# [Brief]
From the entries that follow, reproduce exactly and only the lines from the line with "by ezgi-g ❤" to the line with "Skechers Shoes Go", endpoints included.

# [Data in this exercise]

◆ ◆ ◆ ◆

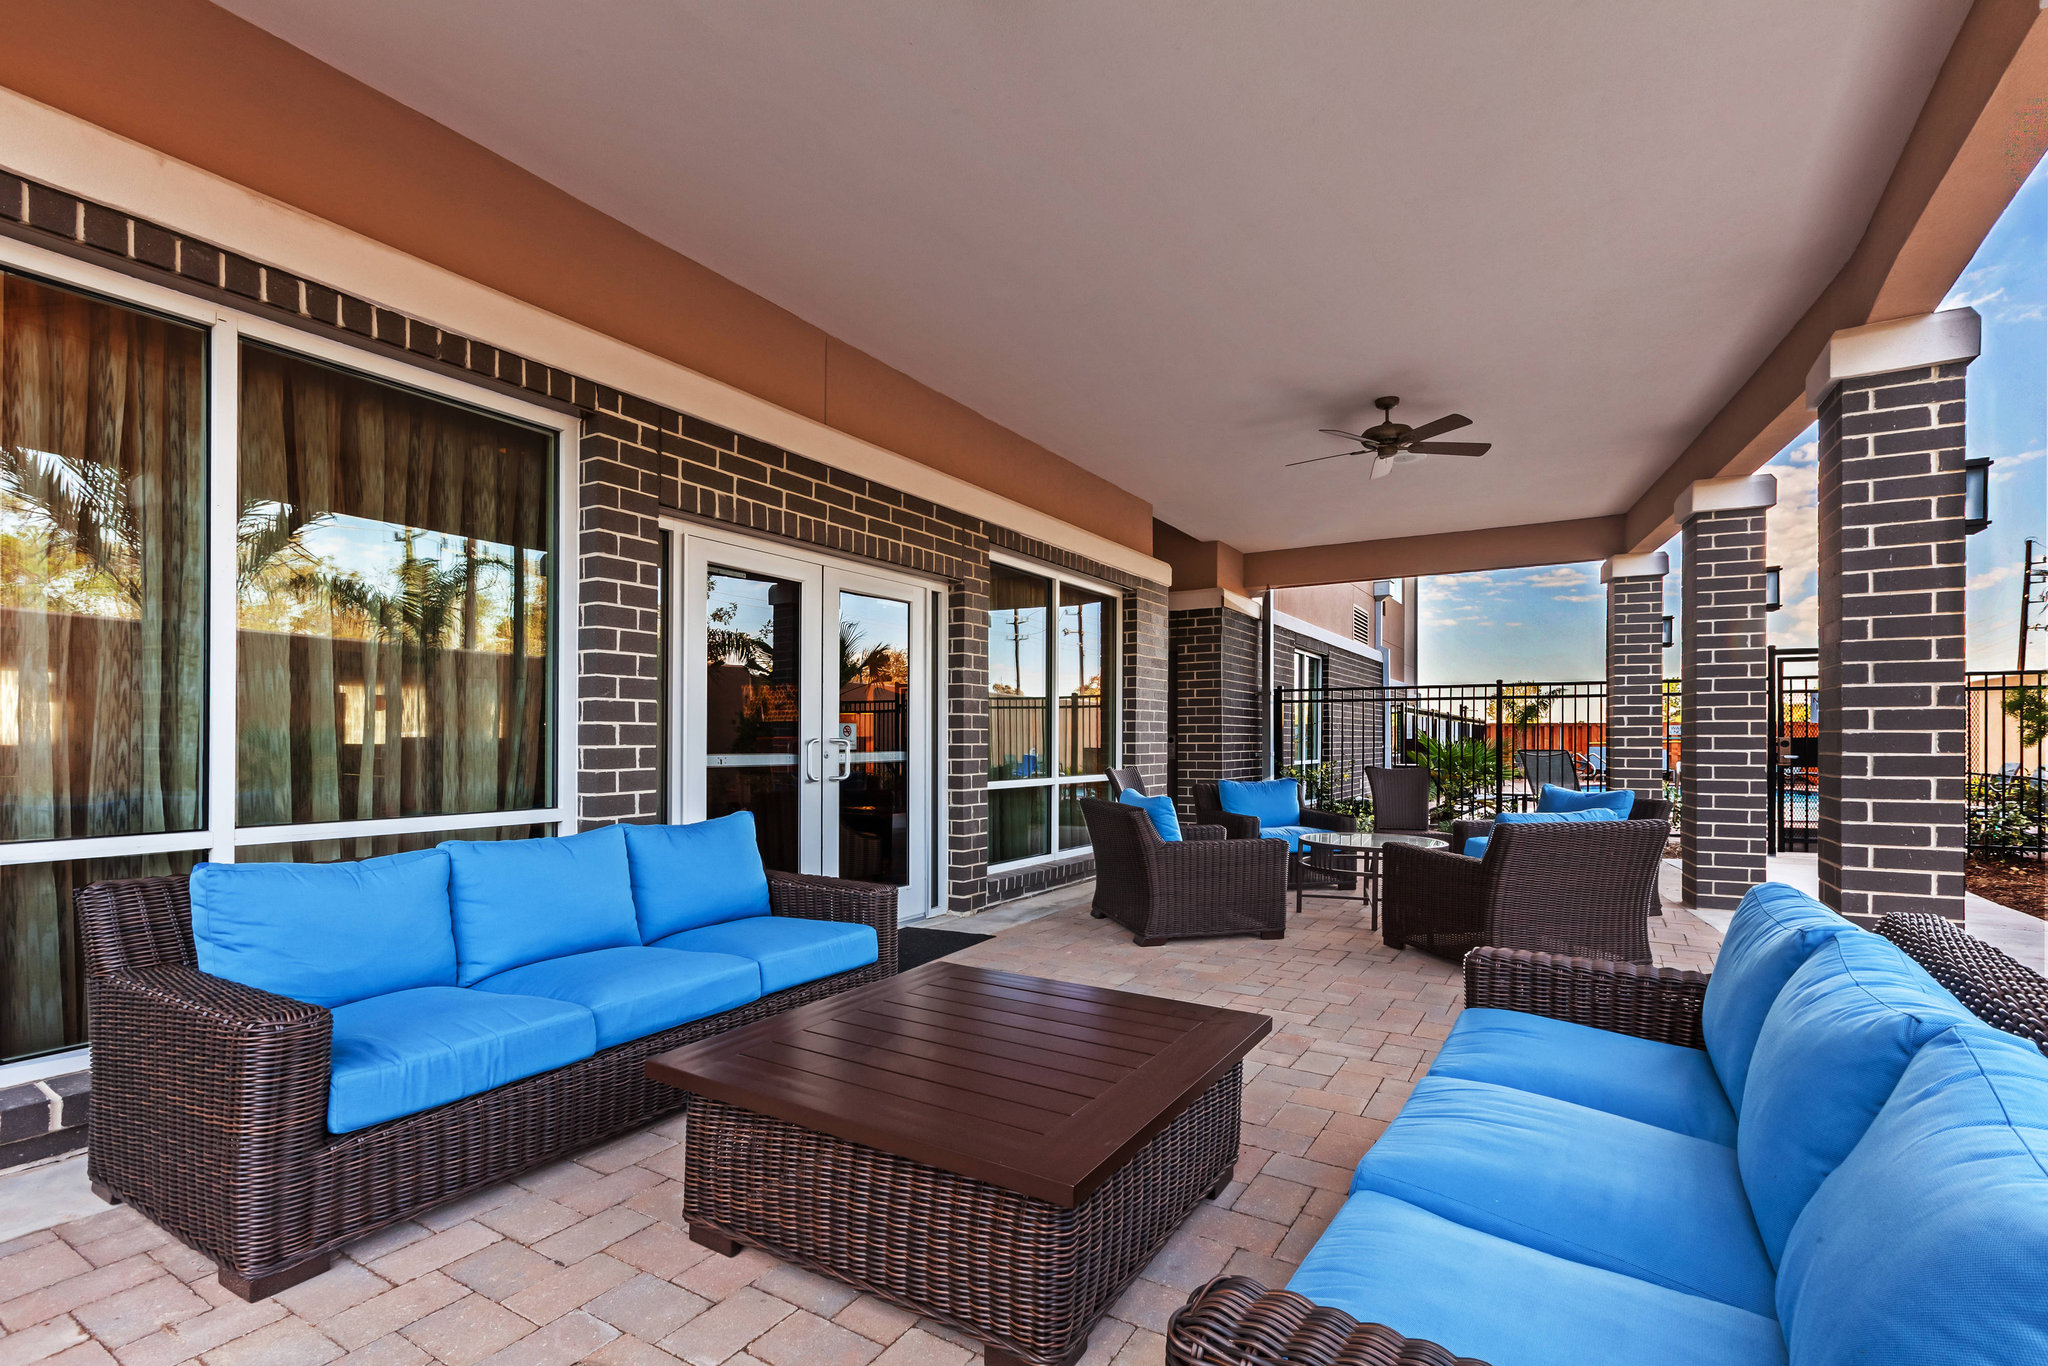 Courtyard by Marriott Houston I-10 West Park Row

◆ ◆ ◆ ◆

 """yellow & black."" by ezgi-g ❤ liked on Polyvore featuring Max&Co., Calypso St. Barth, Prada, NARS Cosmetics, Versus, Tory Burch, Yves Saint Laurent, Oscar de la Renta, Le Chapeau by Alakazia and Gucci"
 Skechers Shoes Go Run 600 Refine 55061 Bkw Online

◆ ◆ ◆ ◆

# [Worked solution]
 """yellow & black."" by ezgi-g ❤ liked on Polyvore featuring Max&Co., Calypso St. Barth, Prada, NARS Cosmetics, Versus, Tory Burch, Yves Saint Laurent, Oscar de la Renta, Le Chapeau by Alakazia and Gucci"
 Skechers Shoes Go Run 600 Refine 55061 Bkw Online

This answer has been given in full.